MassTransit consumer fault handling when the destination system is down for long time

I have read the MT documentation on Error handling and faults and put some code to publish the fault and written a fault consumer to listen to the fault message after some number of retries with Polly.

I have a queue consumer gets the messages from RabbitMQ using MassTranasit and send to a cloud system through Http api. I have handled all possible exceptions and also wrapped http calls in Polly retry for transient network errors. But the problem with this approach is the message is literally abandoned from processing after the retries exhausted.

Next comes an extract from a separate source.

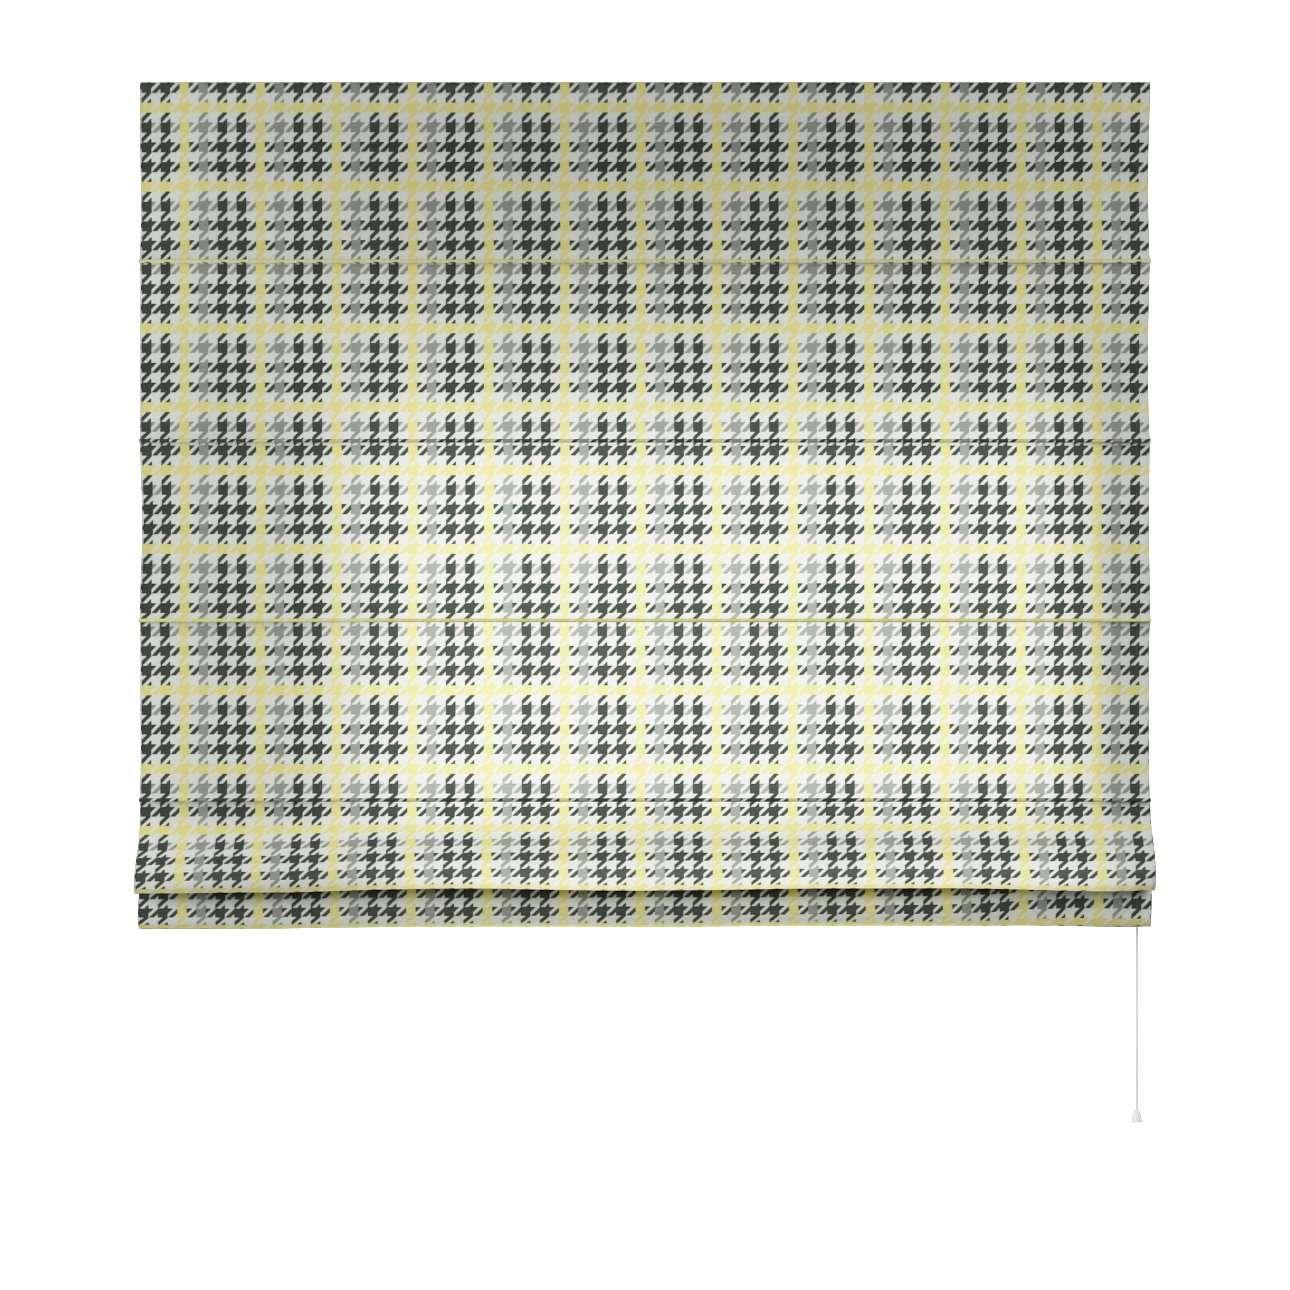 Romanetės Capri 80 x 170 cm (plotis x ilgis) kolekcijoje Brooklyn, audinys: 137-79

If the destination system is down for 10 hrs assume( this outage we don't know before otherwise i will plan for consumer service stop), what is the best strategy we can put with MassTransit to stop pulling the messages from Queue into Consumer? Is there a way we can stop receiving the messages based on number of failures etc..?

Thanks

1 answer

  • answered 2020-09-14 07:39 Alexey Zimarev

    You need a circuit breaker, it's a well-known pattern in distributed systems. The circuit breaker activates when the remote system is struggling under load and putting more requests to it will potentially strangle it. It would also allow you to stop sending messages to the remote system when it is down.

    The circuit breaker is available in MassTransit out of the box.

    I would also not recommend implementing retries using Polly in the consumer. MassTransit has a comprehensive set of retry policies and it also allows MassTransit to understand how many failures occur in the consumer, which is not available when you use Polly. For example, the circuit breaker middleware won't know about failures in a Polly-wrapped call and therefore won't be reacting properly.

    If the remote system is down for a long time (like hours, as you described), any retry policy with a limited number of attempts will eventually fail. The circuit breaker will open but it would reset from time to time and try sending calling the consumer again. Otherwise, it won't ever know when the remote system is recovered. So, you would either need to recover messages from the error queue or add the redelivery middleware.

    You can therefore configure your receive pipeline this way:

    redelivery -> circuit breaker -> retry -> consumer